For queries or further information please contact Te Arai BioFarma
 Microdacyn 

Microdacyn represents a significant advance in the topical treatment and healing of acute and chronic wounds.

 

There is scope to reduce antibiotic use, improve the time to heal and reduce amputation rates. The clinical results of Microdacyn and associated references can be found below

 

There is growing clinical evidence to support the use of Microdacyn and Microdacyn Hydrogel to improve wound management outcomes. Microdacyn has been shown to have a strong safety profile and is likely more effective than currently used wound cleansers/topical antimicrobials.

 

Microdacyn is a non-cytotoxic antimicrobial and as such is clinically preferred compared to cytotoxic antimicrobial agents.

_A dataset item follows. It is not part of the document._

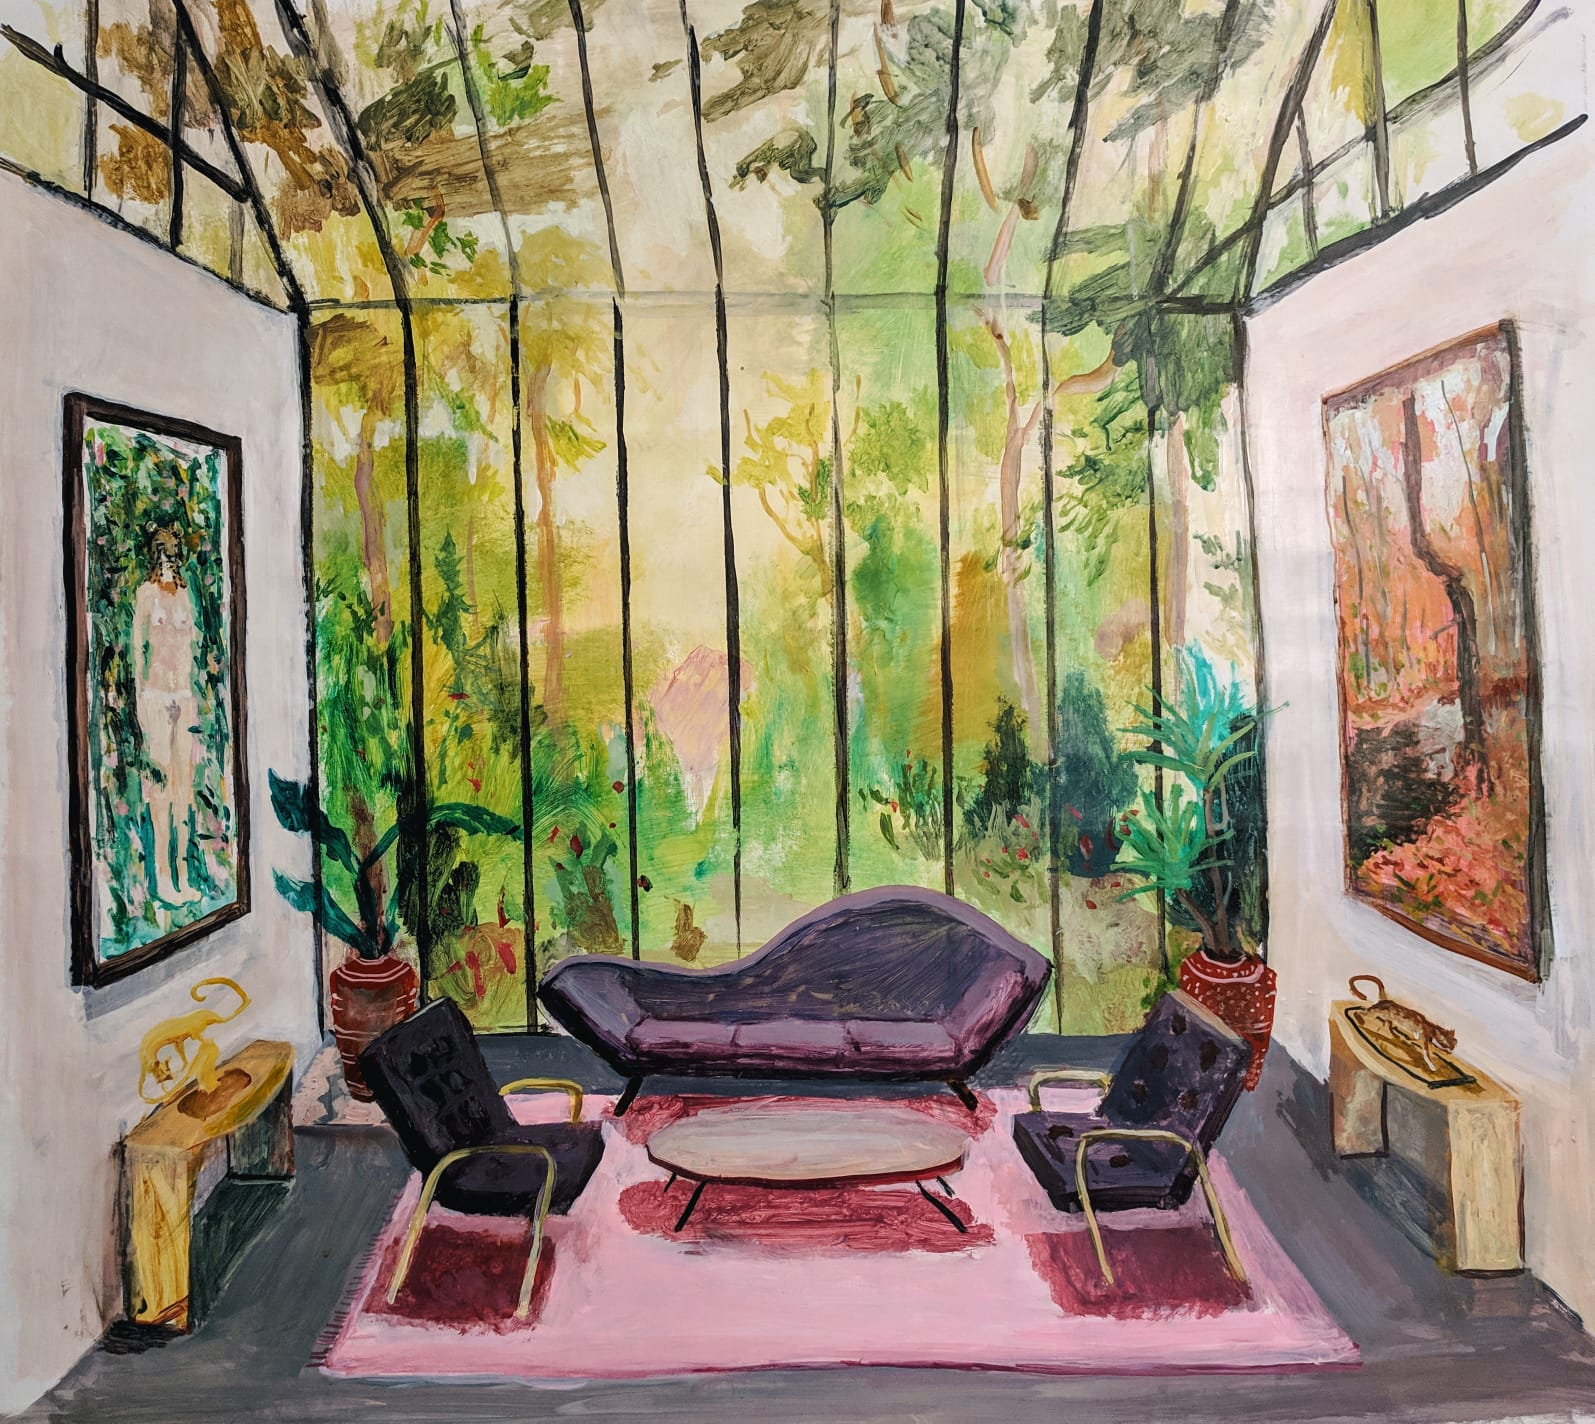 Wildcat Conservatory
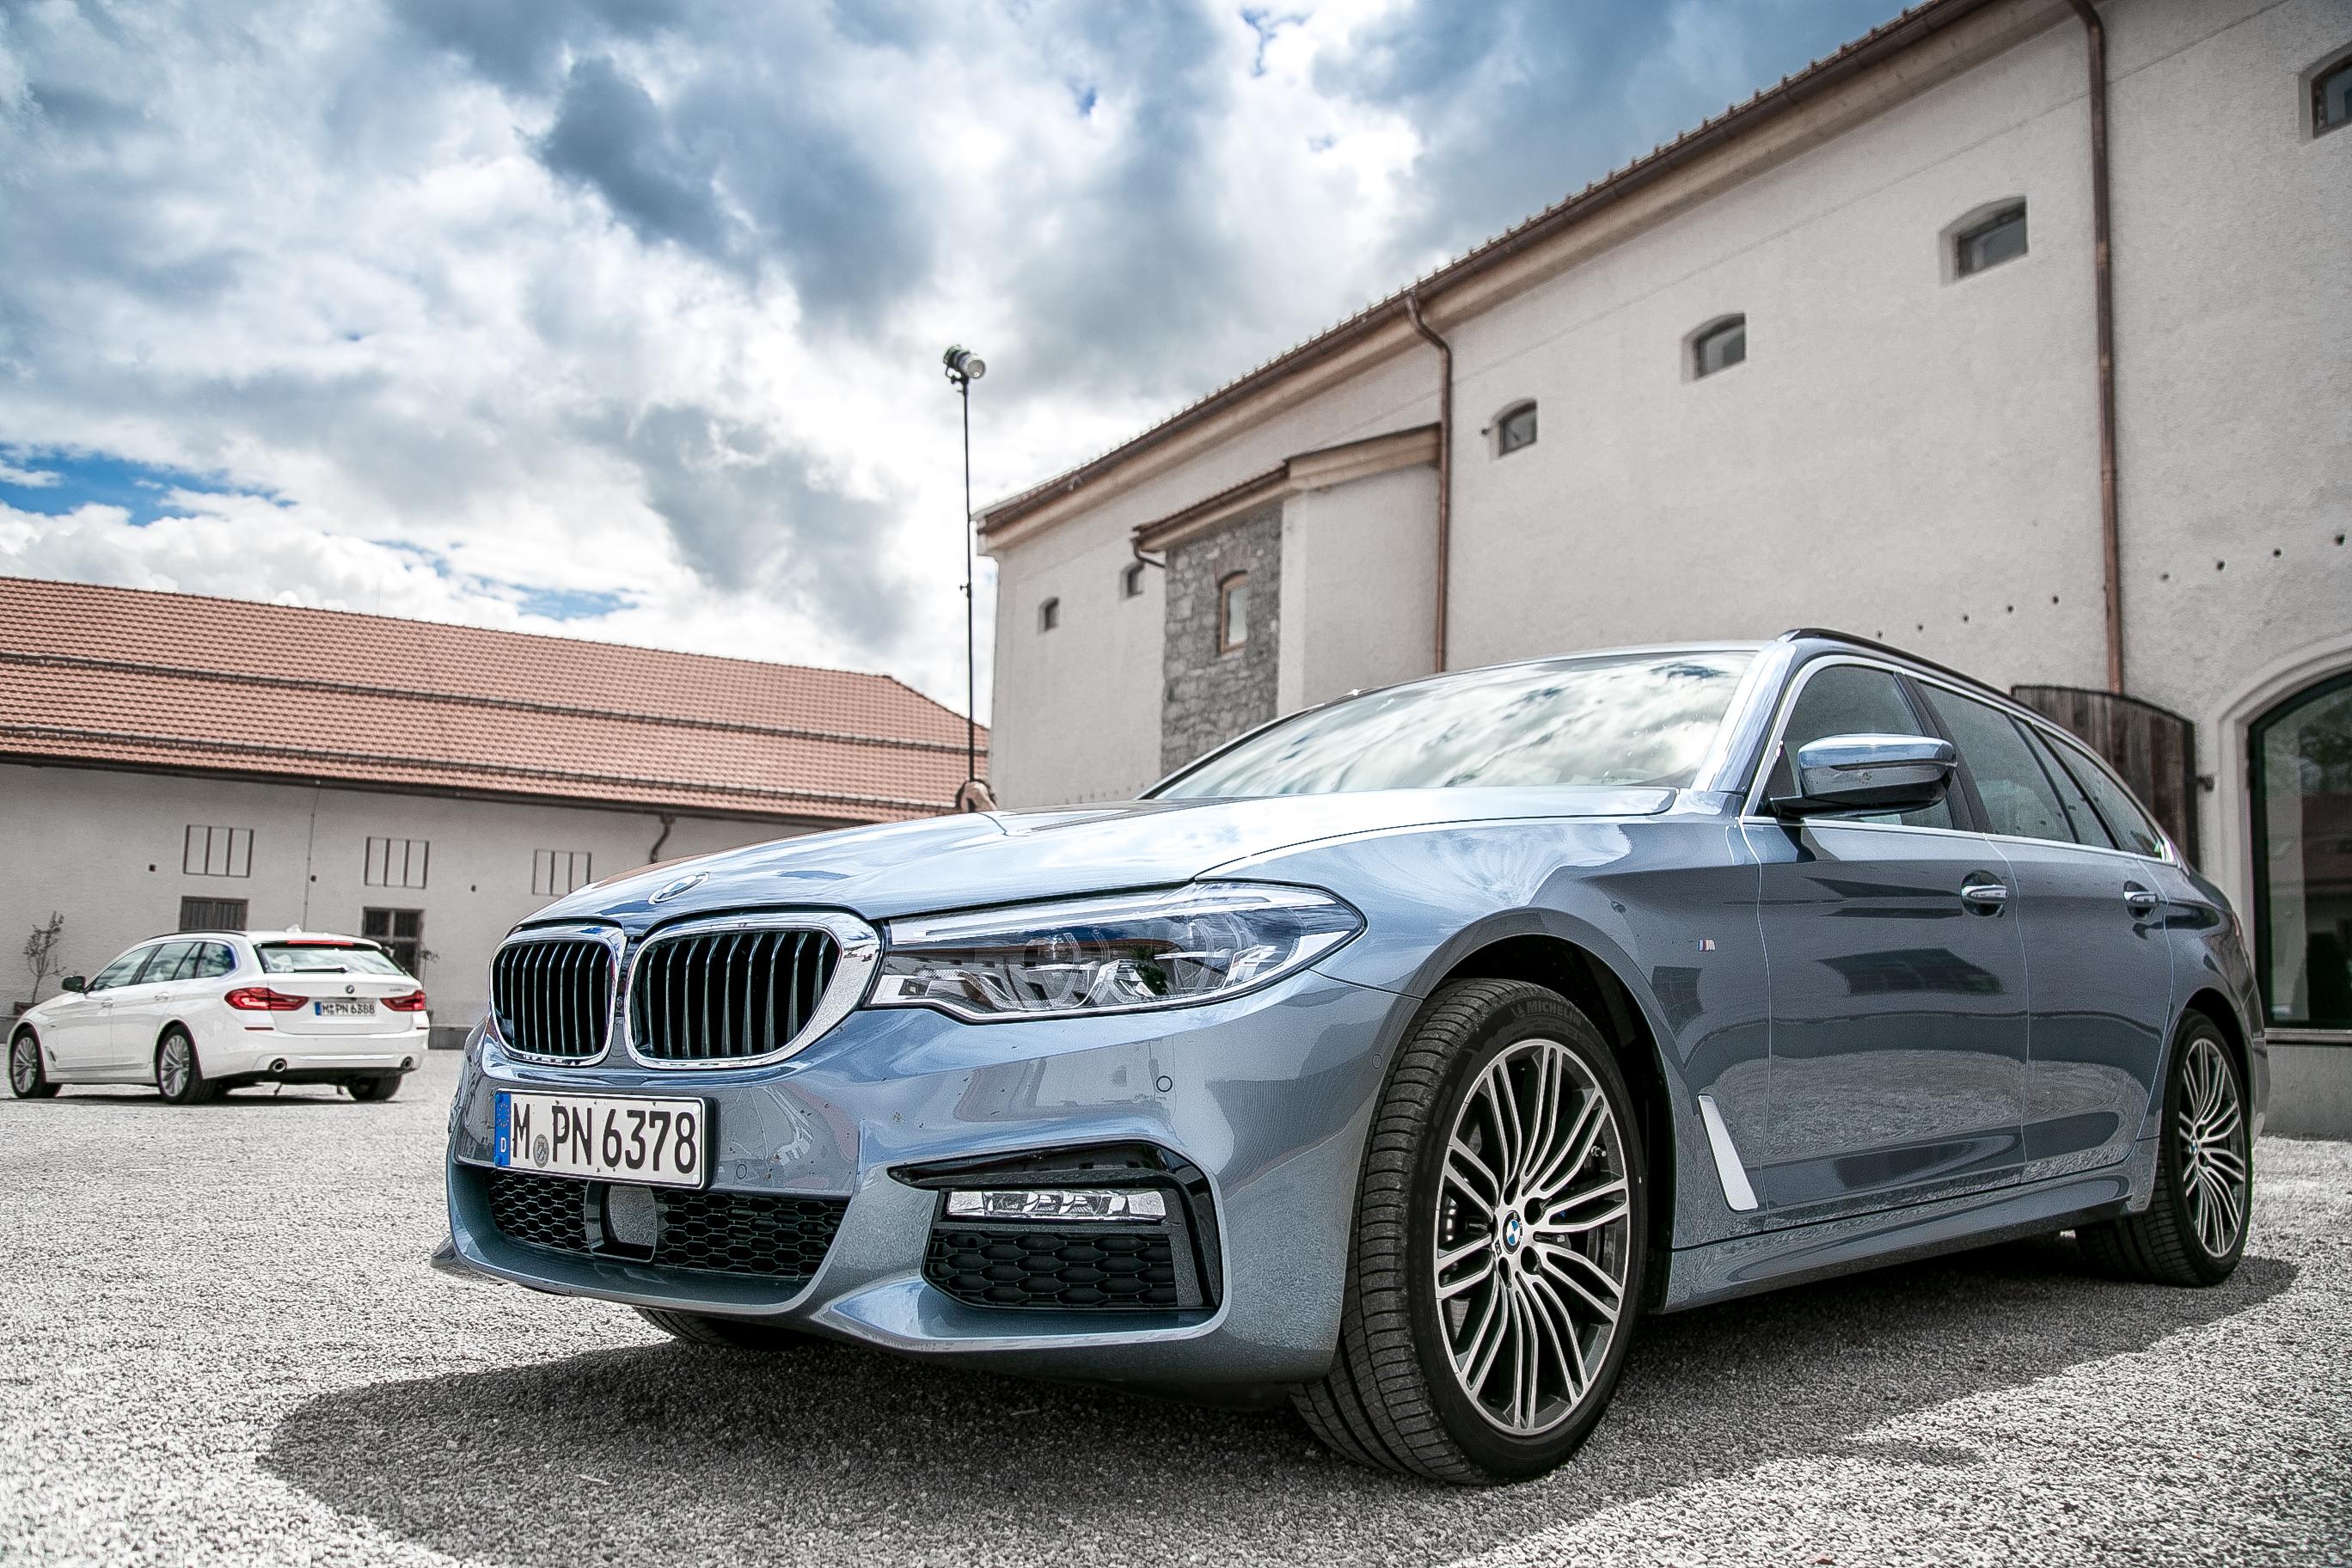 Ein Freitag am Tegernsee mit dem neuen BMW 5er Touring Testbericht Fahrbericht BMW BMW5er 5erTouring G31 2017 Testdrive pepperandgold 5Series FreudeAmFahren PepperAndGold SheerDrivingPleasure

 Evidence of Antimicrobial Mechanism 
 
 

The effects of SOS on bacterial cells has been directly observed using transmission electron microscopy, atomic force microscopy and fluorescence microscopy which has provided evidence of the direct effects on the bacterial cell envelope. Once within the bacterial cell, SOS have been shown to cause the total destruction of chromosomal plasmid DNA, RNA and proteins. 

 

SOS has a high oxidation-reduction potential which results in an unbalanced osmolarity between the ion concentrations in the solution and that within unicellular organisms, further damaging membrane structures this causes increased membrane porosity, enabling oxidising moieties (present in excess in SOS) to penetrate in the the cell cytoplasm, ultimately leading to the inactivation of cellular protein, lipids and nucleic acid, rendering the cell non-functional (R. M. Thorn, 2012)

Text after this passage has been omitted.